The task of the university’s team of scientists is to adapt the Arctic fields to the requirements of low-carbon energy and produce high-margin goods, “universal bricks that can be used to build a new type of economy.” This does not mean that oil and gas extracted in the Arctic will become unclaimed. However, the share of primary raw materials in the structure of domestic exports should undoubtedly decrease at the expense of products with high added value. And hydrogen derivatives may well become one of the ways to achieve this goal, which will not only significantly reduce the anthropogenic impact on nature but also increase Russian budget revenues.
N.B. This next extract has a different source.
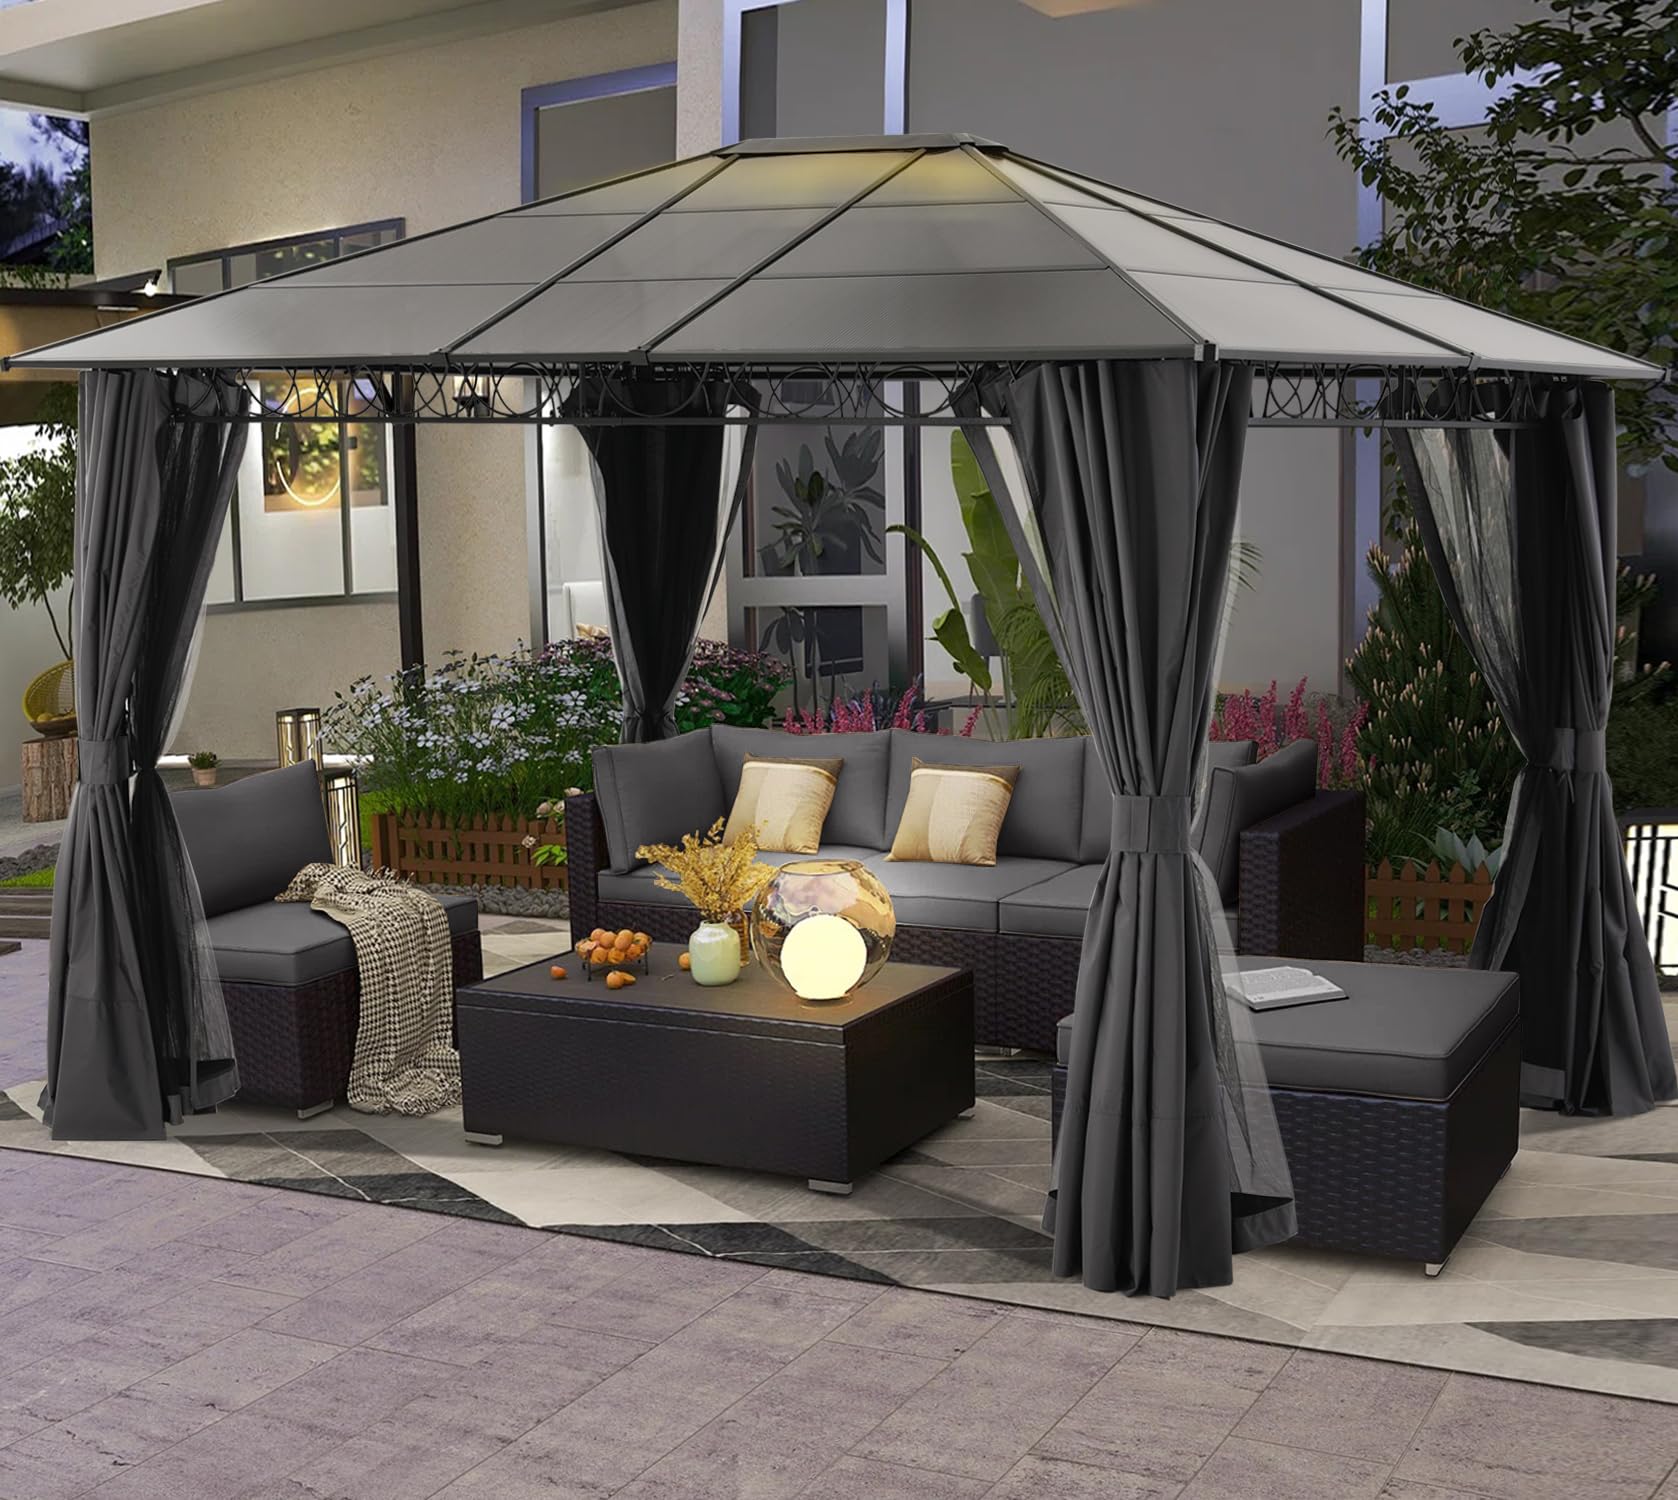 10x12 Hardtop Patio Gazebo with Curtains and Netting by ABCCANOPY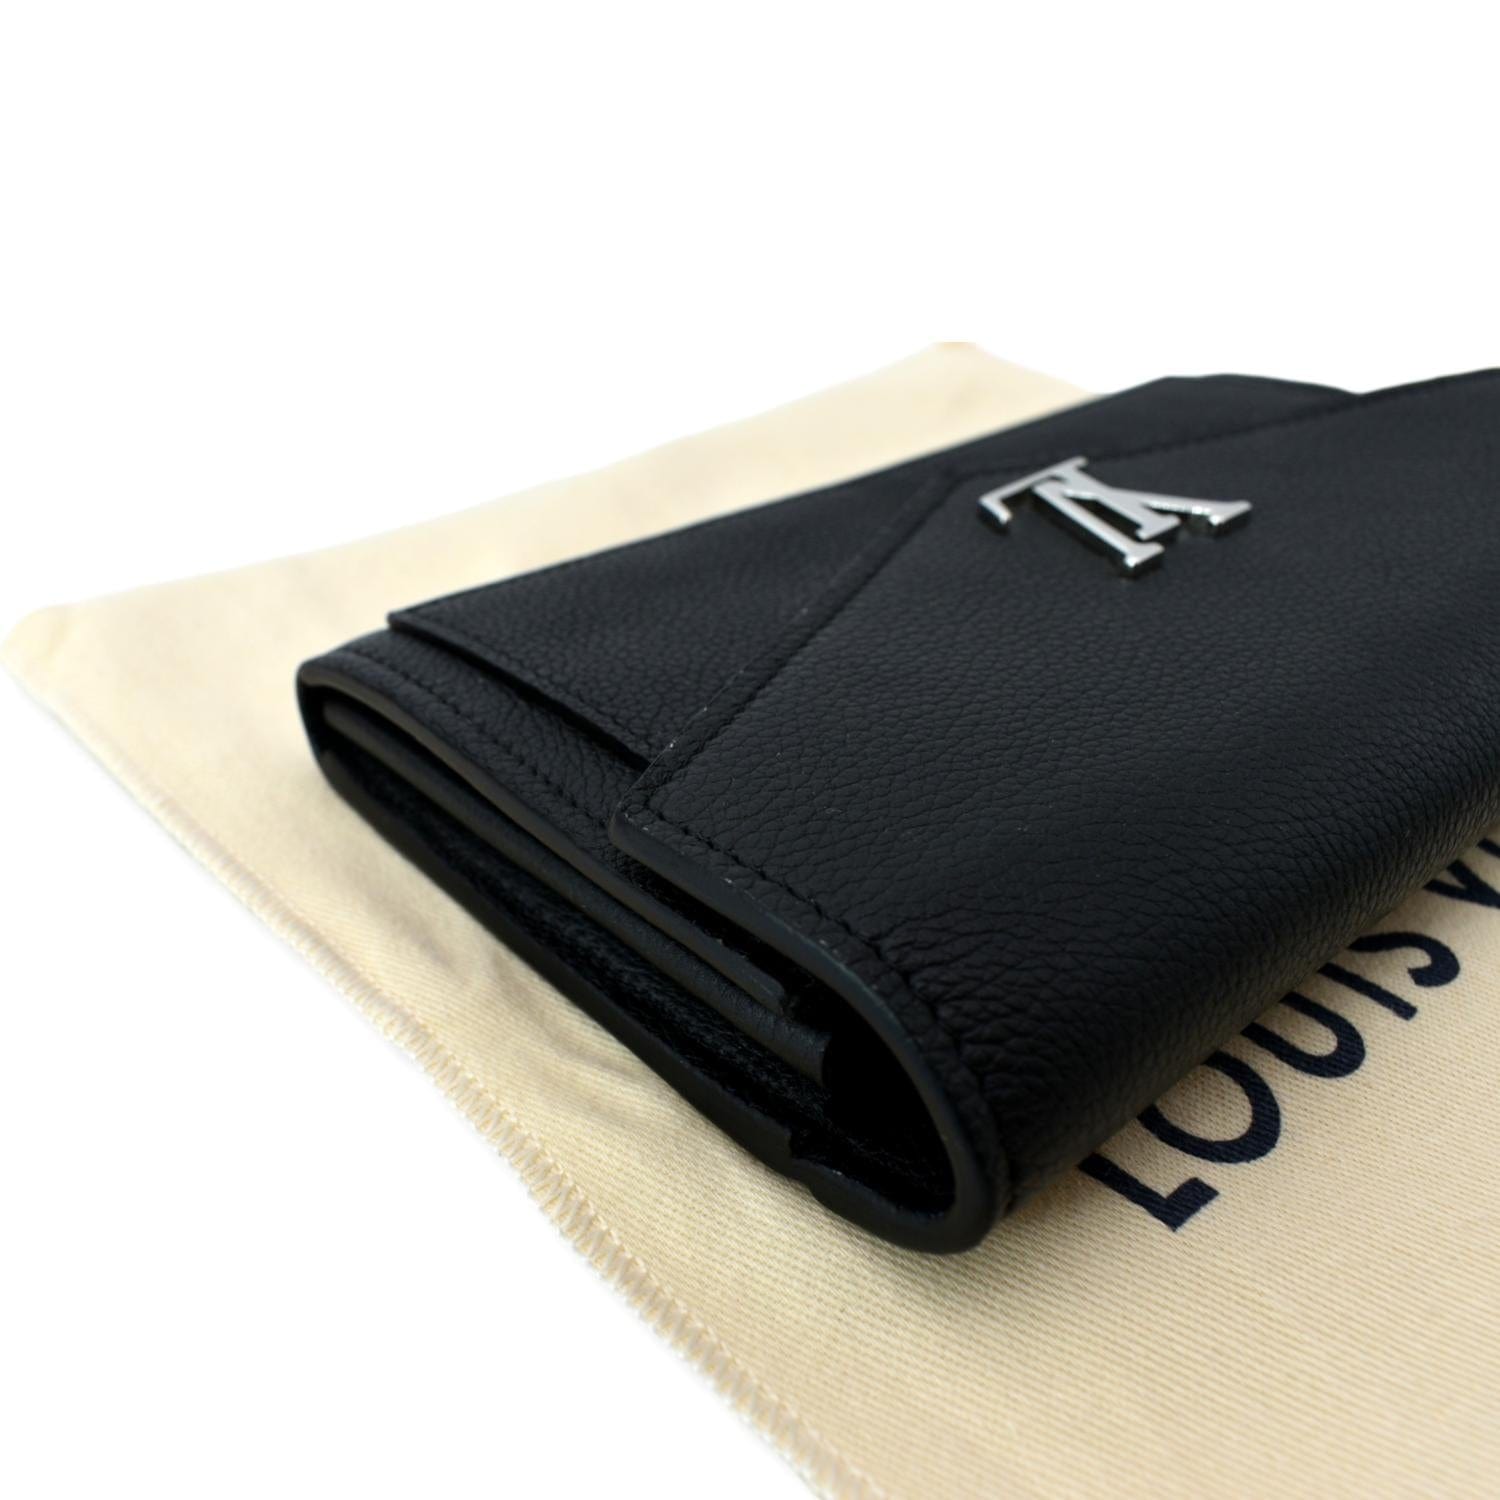 Lockmini Wallet Lockme Leather - Wallets and Small Leather Goods

“Of course, we do not need to give up oil and gas production, as some hotheads in the West are calling for. It is clear that demand for them will continue to grow, primarily from Asian consumers. Hydrogen will never be able to fully replace them; nevertheless, we need to look for answers to the tightening rules of the game in foreign markets. One area is the development of renewable energy sources in regions where the climate is favorable. By the way, the first element in the Mendeleyev Table could be in high demand here, too. As you know, the main disadvantage of wind turbines and solar panels, which seriously limits their potential, is the lack of available technology for accumulating electricity on an industrial scale. Besides, existing storage systems are extremely sensitive to lower ambient temperatures, which makes it difficult to use them. But if we produce hydrogen from the excess flow energy, this will partially solve the problem of its accumulation,” continues Georgy Buslaev.
Last December, Vladimir Putin declared that the future of Russia is directly linked to the development of the Arctic, including in terms of mineral production there. In the foreseeable future, Gazprom Neft plans to produce about 30% of its total output in the Arctic. Rosneft and Novatek are implementing projects there that require huge investments, including the construction of new infrastructure.
There is no doubt that in the next 10-15 years the Far North will turn into a region that brings in a significant part of the budget revenues. The practical task that businesses and scientists face today in this regard is not only to obtain products that are in demand on the market but also to reduce the carbon footprint. Hydrogen technologies are undoubtedly one of the tools to achieve this goal. At the same time, we can hardly expect them to occupy any significant niche in the global energy industry. For this purpose, H2 is too expensive to produce, aggressive to metals, and, most importantly, explosive. The question of whether and when science will be able to compensate for these significant disadvantages remains open at this stage.